Recent developments in embodied AI

Roland Memisevic

Exhibit Hall F
[ ]
Tue 2 Dec 4 p.m. PST — 5 p.m. PST

Abstract:

Embodied AI is the study of systems that can perceive and interact with the physical world in real time. Real-world interactions pose unique challenges for AI systems since they naturally require a deep understanding of the physical world and/or its inhabitants. This understanding is often taken for granted in humans, where it is typically labelled as “intuitive physics” or “common sense”. It is widely agreed that solving this challenge would be as rewarding as it is hard, since it would be equivalent to creating truly capable “world models”, with countless applications in robotics, human-computer interaction, and even in advancing language modeling through concept grounding.

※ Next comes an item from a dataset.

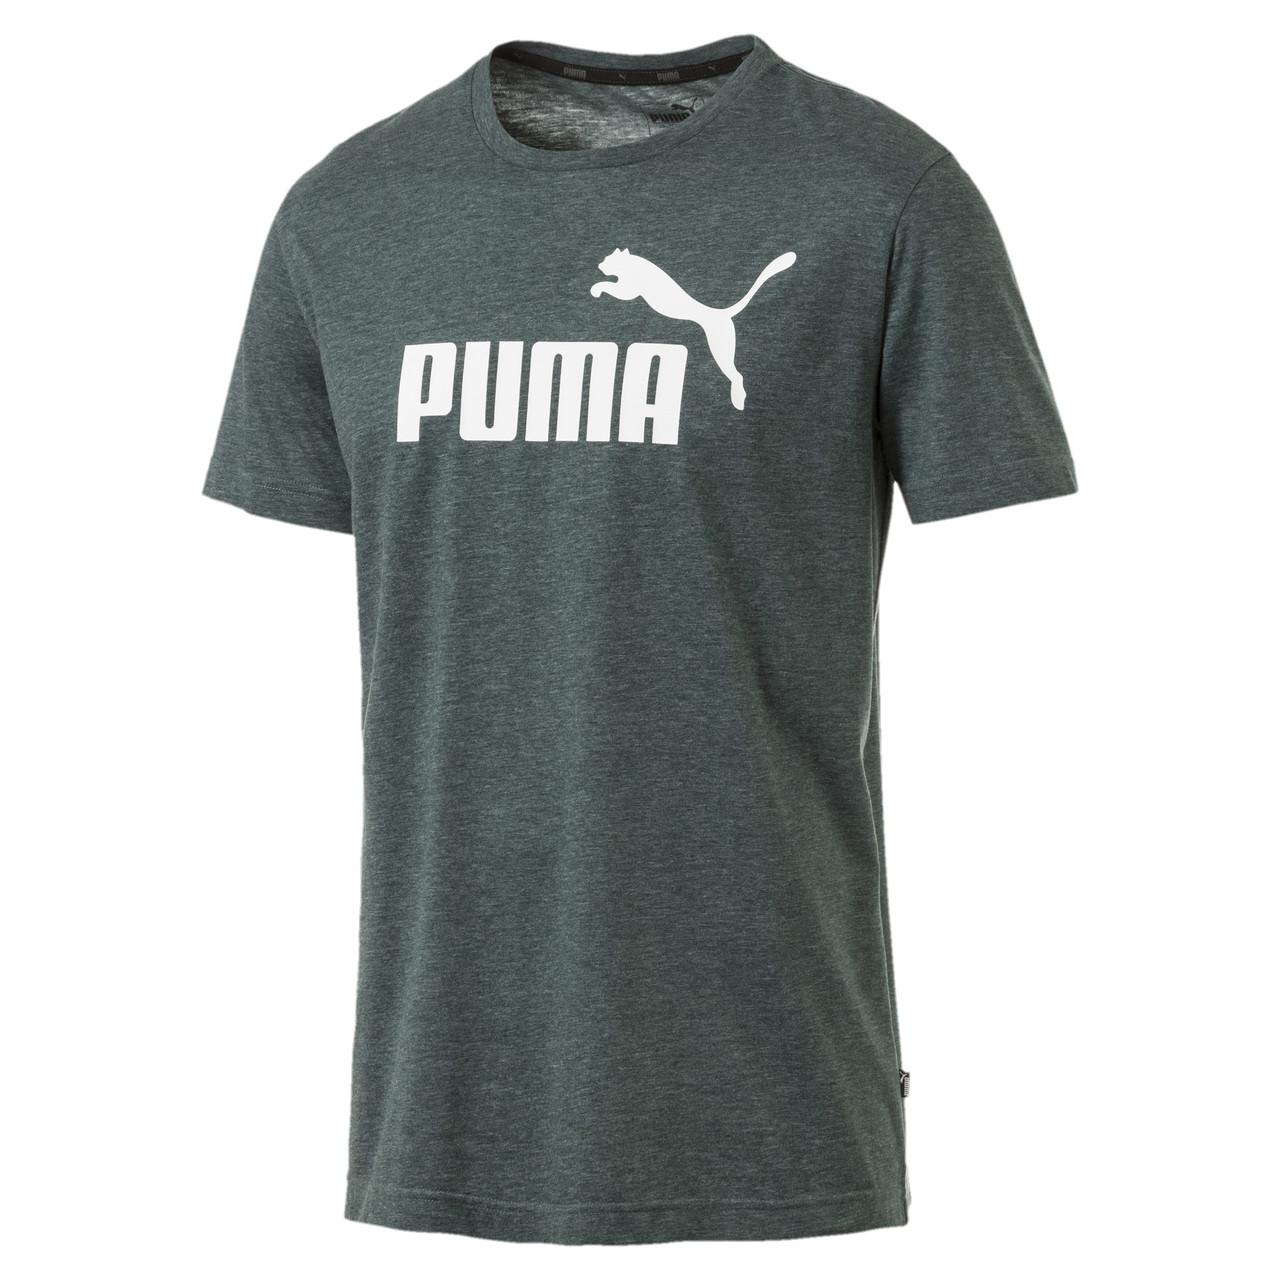 Мужская спортивная футболка Heather Men'S T-Shirt

Like other areas in AI, embodied AI has seen dramatic advances in recent years, fueled by the success of using pre-trained large language models as a central ingredient to allow for end-to-end training. While this development stands as one of many examples of the power of pre-trained language models, recently the converse has come true as well: embodied AI is increasingly being drawn on to understand real-world common sense and concept grounding in language models themselves, bringing back its early vision as a way to understand human-like cognition and world models.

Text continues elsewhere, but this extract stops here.